Express vs. Implied vs. Unilateral vs. Bilateral: The Real Differences
Let’s map this out. Express and implied are about how the contract is formed—words or actions. Unilateral and bilateral are about structure—single promise vs. mutual exchange. You can have an express unilateral contract (“I’ll pay $1,000 to the first person to swim the English Channel this year”) or an implied bilateral one (your long-time plumber shows up monthly, you pay without discussing terms—routine creates obligation).
The confusion often lies in overlap. A freelance job might start as a verbal express bilateral agreement, then evolve into an implied ongoing one after years of work. Courts look at continuity, not labels. And that’s exactly where small businesses lose—assuming informality means freedom from liability.
To give a sense of scale: over 90% of commercial contracts are bilateral and express. But in personal or emergency contexts—medical care, emergency repairs, spontaneous services—implied and unilateral deals rise sharply. A doctor treating an unconscious patient? No signed form. But the family may still be billed. An implied-in-law obligation kicks in.
Frequently Asked Questions
Can a text message be a valid contract?
Absolutely. If the message contains offer, acceptance, and consideration (something of value exchanged), it’s binding. Courts have upheld agreements based on SMS, iMessage, even Facebook Messenger. The medium doesn’t matter—intent does. Just don’t rely on emojis alone unless you’re feeling lucky.

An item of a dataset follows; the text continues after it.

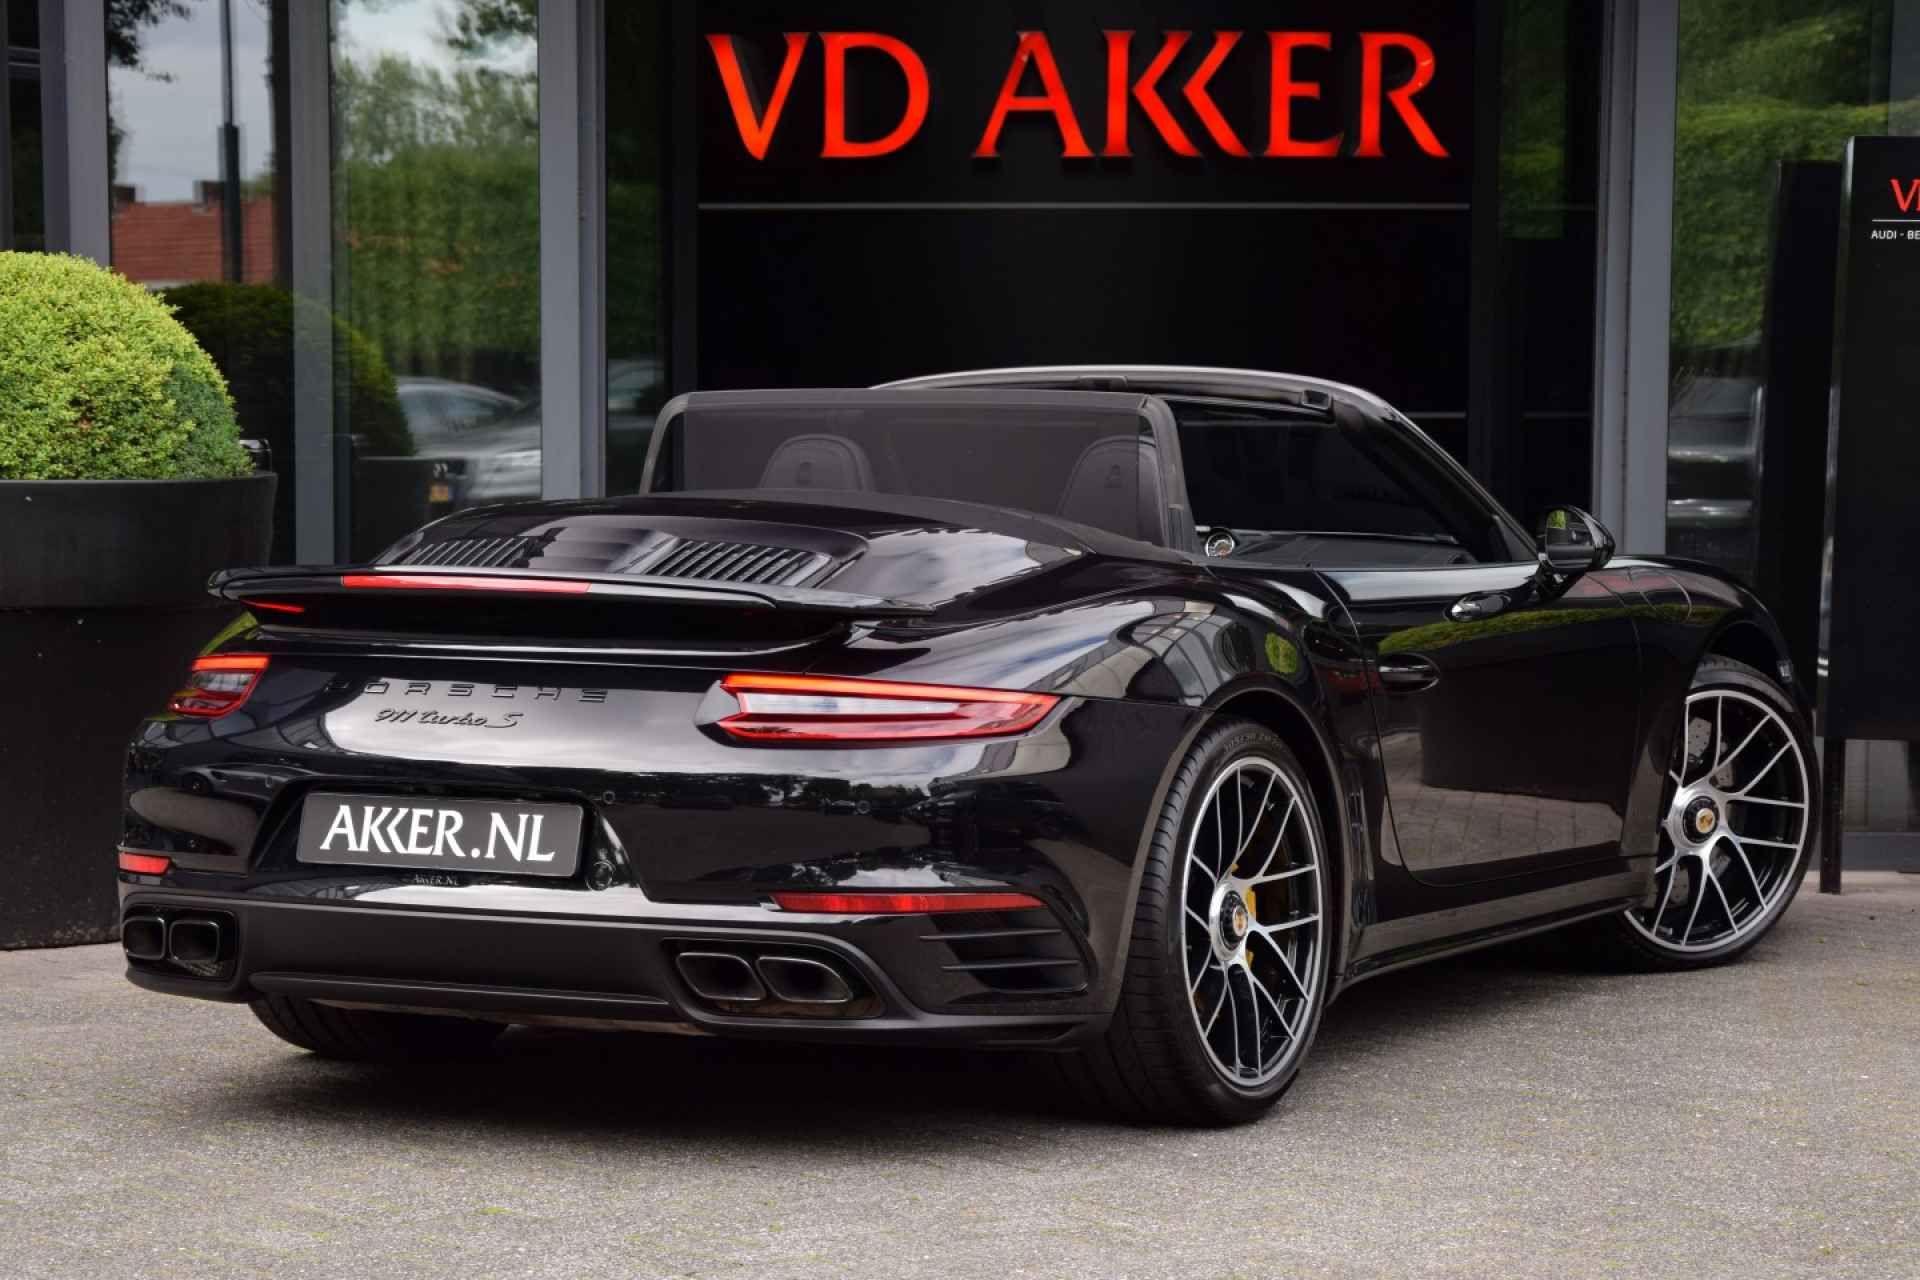 Porsche 991 Turbo S Cabriolet Occasion Vd Akker

Do all contracts need to be in writing?
No. But some must be, under the Statute of Frauds. These include real estate transfers, marriage agreements, and contracts that can’t be fulfilled within one year. For everything else? Verbal or digital can work. But proving them is harder. Suffice to say: write it down.
What makes a contract invalid?
Several things. Lack of capacity (minors, mentally impaired), coercion, fraud, or illegal purpose. A contract to sell stolen goods? Void. One signed under duress? Unenforceable. Also, if terms are too vague—“I’ll pay you later”—courts may say no meeting of the minds occurred. Precision matters.
The Bottom Line
The four real contracts—express, implied, unilateral, bilateral—are not abstract legal theory. They’re operating beneath every transaction you make. The problem is, most people only notice them when something goes wrong. I find this overrated idea that “real contracts” require pen and paper. It’s outdated. We live in a world of taps, clicks, and gestures. The law has adapted. Have you?
Takeaway? Assume you’re bound more often than you think. And when in doubt, get it in writing. Not because it’s required—but because memory is flawed, and courts love paper trails. Honestly, it is unclear how long digital-only agreements will hold up under mass scrutiny. But for now, a text is enough.
Because the law isn’t about perfection. It’s about fairness. And sometimes, fairness means you pay for that steak dinner you never verbally agreed to.